A voz necessária

Em "sereia no copo d’água", de Nina Rizzi, uma “voz” se torna a protagonista dos poemas
Nina Rizzi, autor de “sereia no copo d’água”
30/04/2020

Ao longo do tempo, as sereias mudam de forma. Seu primeiro historiador, o rapsodo do livro XII da Odisseia, não conta como eram; para Ovídio, são aves de plumagem avermelhada e rosto de virgem; para Apolônio de Rodes, da metade do corpo para cima são mulheres e da metade para baixo, aves marinhas; para o mestre Tirso de Molina (e para a heráldica), “metade mulheres, metade peixes”.
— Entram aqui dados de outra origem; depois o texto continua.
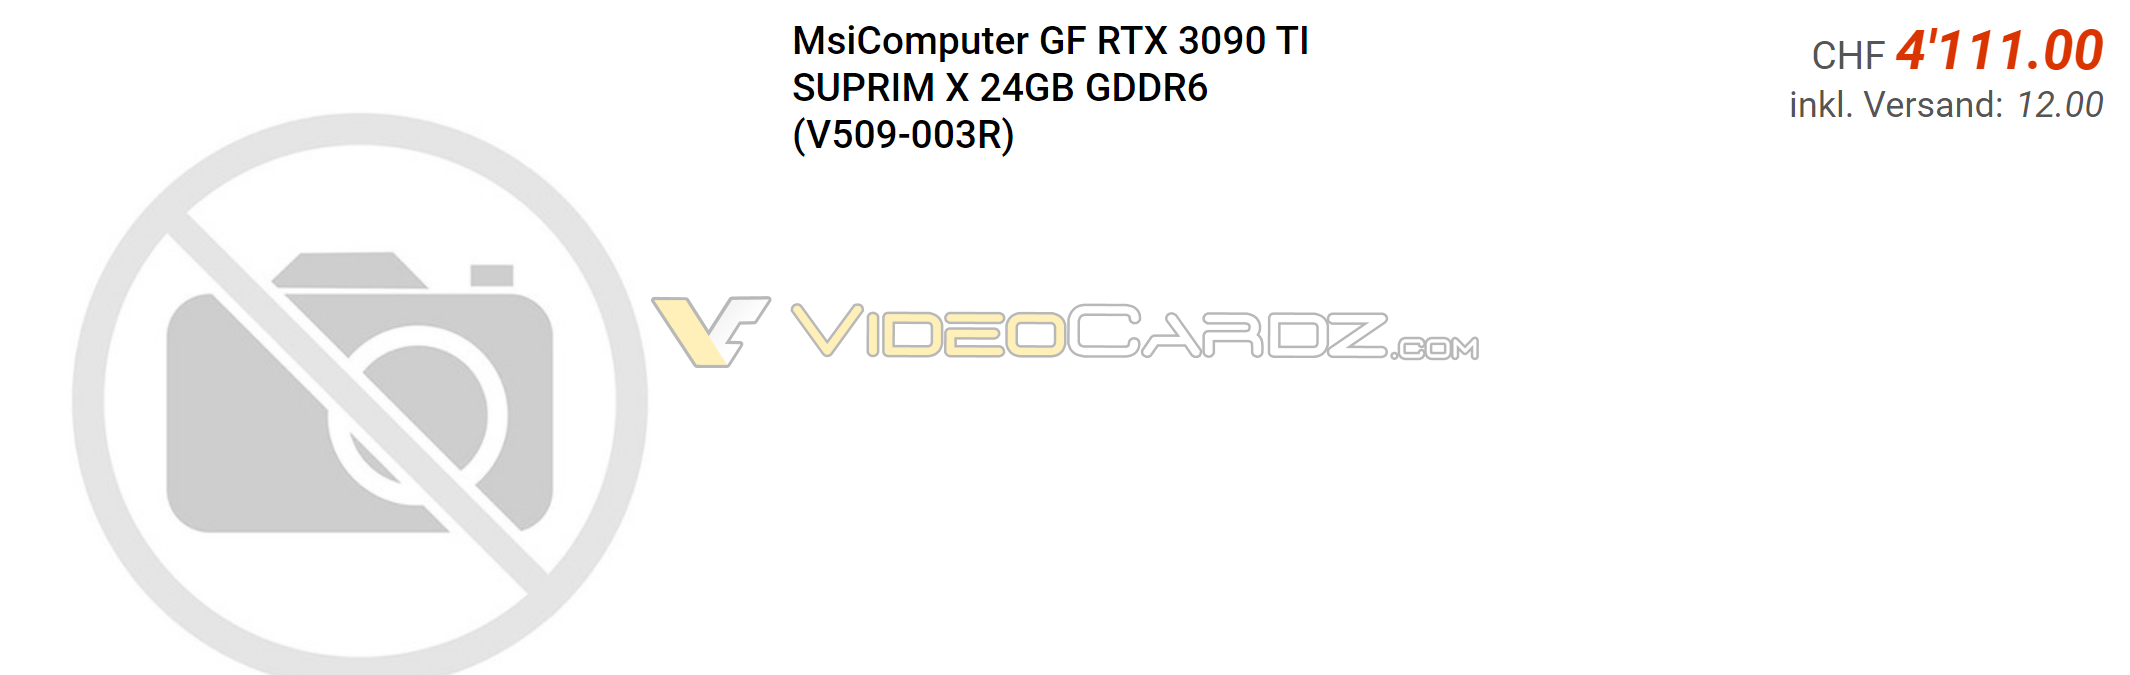 NVIDIA GeForce RTX-3090 Ti Pricing

No trecho acima, extraído do Livro dos seres imaginários (1957), de  Jorge Luis Borges, com colaboração da historiadora Margarita Guerrero, é possível visualizar algumas das mutações pelas quais a ideia de sereia passa. A Odisseia de Homero conta que as sereias eram monstros com uma voz tão linda que, ao escutá-las, os navegantes eram atraídos para sua ruína. Para conhecer o canto e sair ileso, Odisseu arquiteta um plano: ordena aos seus tripulantes que tapem os próprios ouvidos com cera e o amarrem ao mastro. Na tentativa de atraí-lo, as sereias oferecem a Odisseu todo o conhecimento do mundo, mas, amarrado, ele apenas segue com sua embarcação.

Em sereia no copo d’água, quinto livro de poemas de Nina Rizzi, poeta, historiadora, tradutora e editora na revista escamandro, não é possível falar de uma voz encantatória e dessubstancializada, como a das sereias. Nota-se, em vez disso, uma fala a produzir presença.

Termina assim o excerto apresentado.